The density of my lyrics and the internal rhymes and the speed with which I do it is meant to sell an idea of virtuosity. The Pope song is probably the clearest example. You’re trying to make it sound like a magic trick. I think that really, really suited Matilda. Assuming that it does pretty well, the question then remains whether I just got lucky and it was the perfect first music and without Dennis Kelly [who wrote the book] I would have killed it dead. Hopefully my style of songwriting will be able to transfer to other stories. There is no doubt that Matilda is a virtuoso, she loves language and she’s impossibly brilliant to the point that it becomes actual magic eventually. I am trying live up to her rather than channel her. I think playing with words in comedy is very similar to a magic trick.
There was no swearing or blaspheming in the Comedy Prom. Can you keep yourself off the naughty step?
Perhaps what’s interesting is the way I’ve not made the decision to stop talking about God and swearing and go and do a panel show. That sounds contemptuous. I don't mean that at all. I quite like the idea of doing what I want or seeing how far I can go. Despite my low level and quiet rejection of being too mainstream I seem to have a reputation for being a slightly charming, slightly cheeky plinky-plonky guy. And it’s really nice. I feel like a ninja. Everyone goes, “He’s a little plinky-plonky guy,” and I go, “I’m talking about the Koran and saying God’s a cunt.” It’s amusing that it keeps getting wider. I’m working with the RSC and the Proms, I might do the Royal Variety show, and on the other side I’m still touring the south of America ranting against erroneous belief systems.

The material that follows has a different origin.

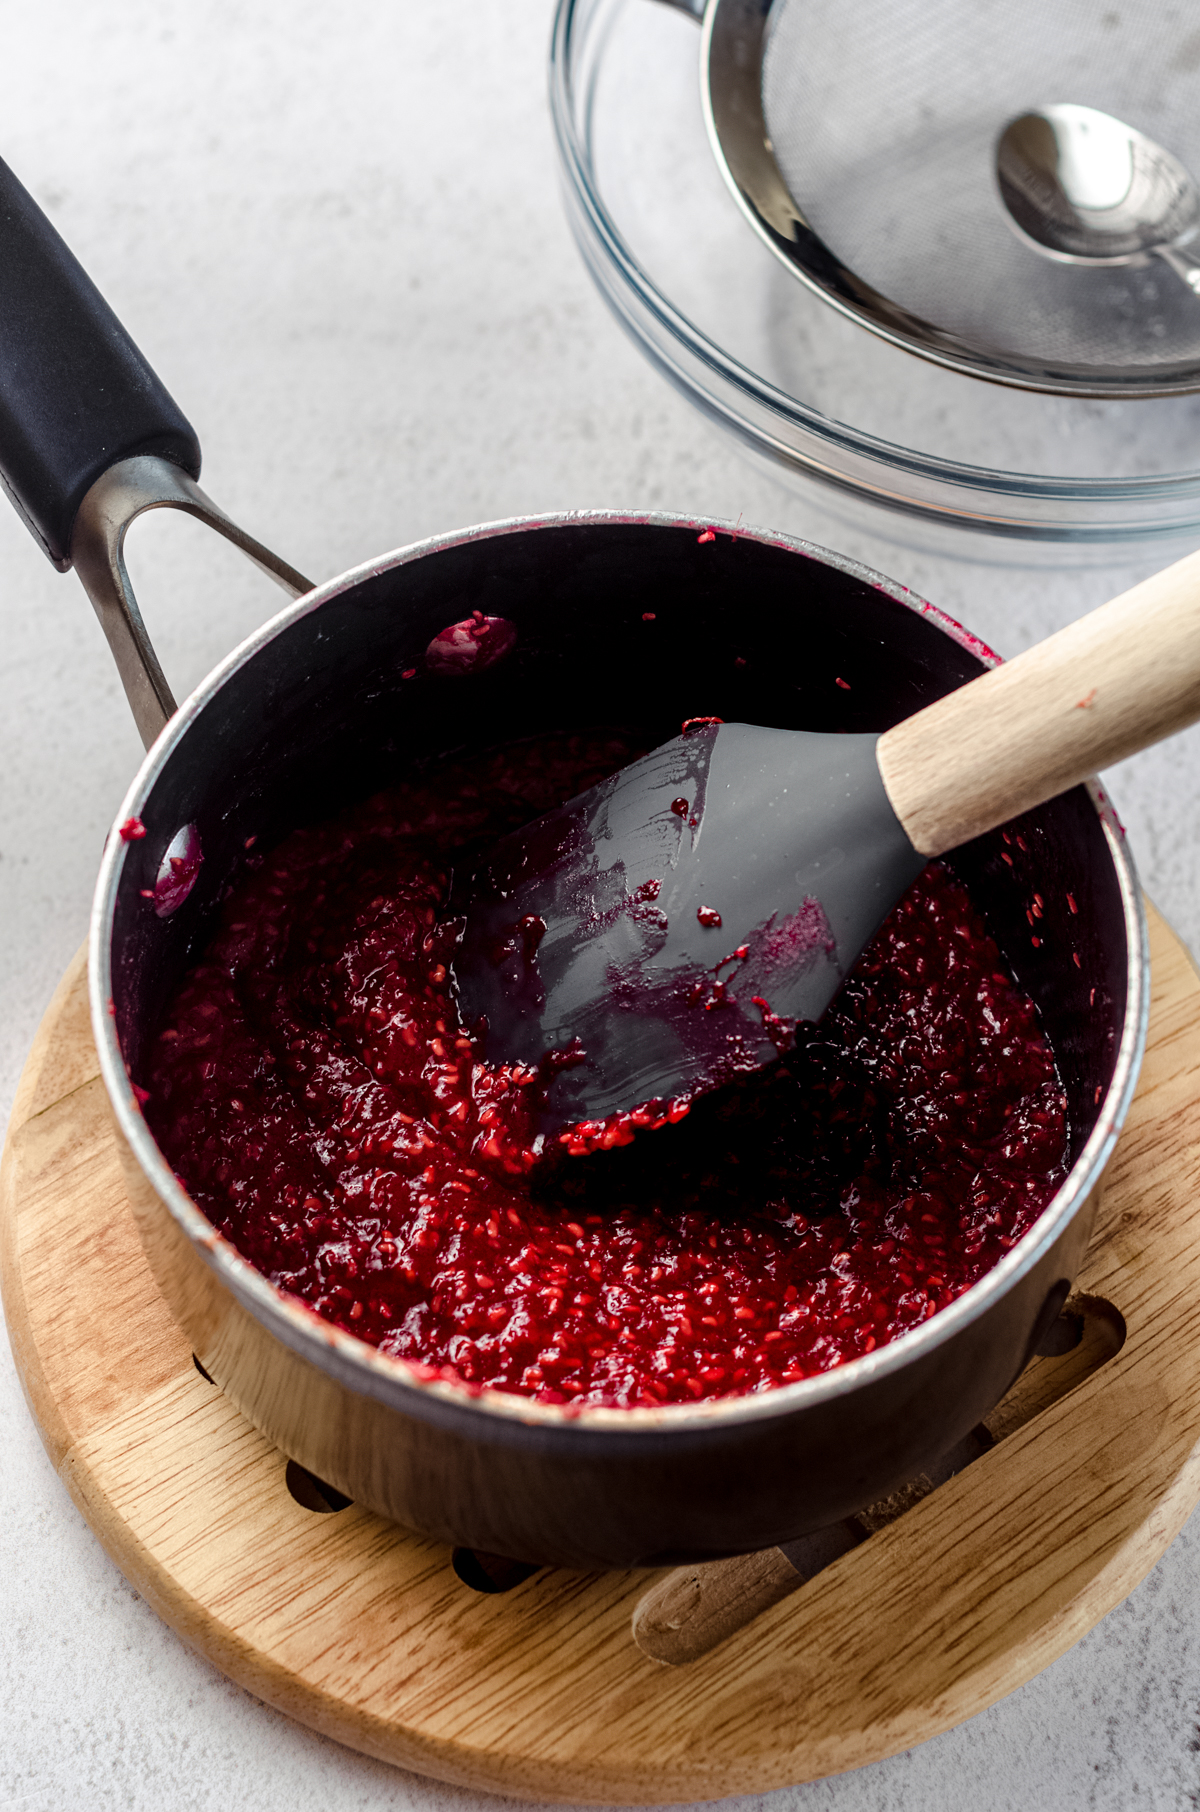 Cooked raspberry spread in a saucepan.

Is there classical music in your life?
Doesn’t exist. Can’t read music. Didn’t really know what the instruments are. I don't listen to any music actually. I stopped at some point.
Would you always have been a ginger?
I think it’s the power of suggestion that everyone thinks of me as a ginger but am I? Do I look like a ginger? Do I? I’m definitely slightly red. I’m a strawberry blond. I wouldn’t change a thing. For someone that’s found some career late and has played in a lot of cover bands and has been rejected a lot of times, I’ve always been happy. Apart from feeling frustrated. It’s not like before I became a vaguely known D-grade celebrity I was miserable and wanting to be a D-grade celebrity. I’m happy with my slightly retarded hair colour and history of failure.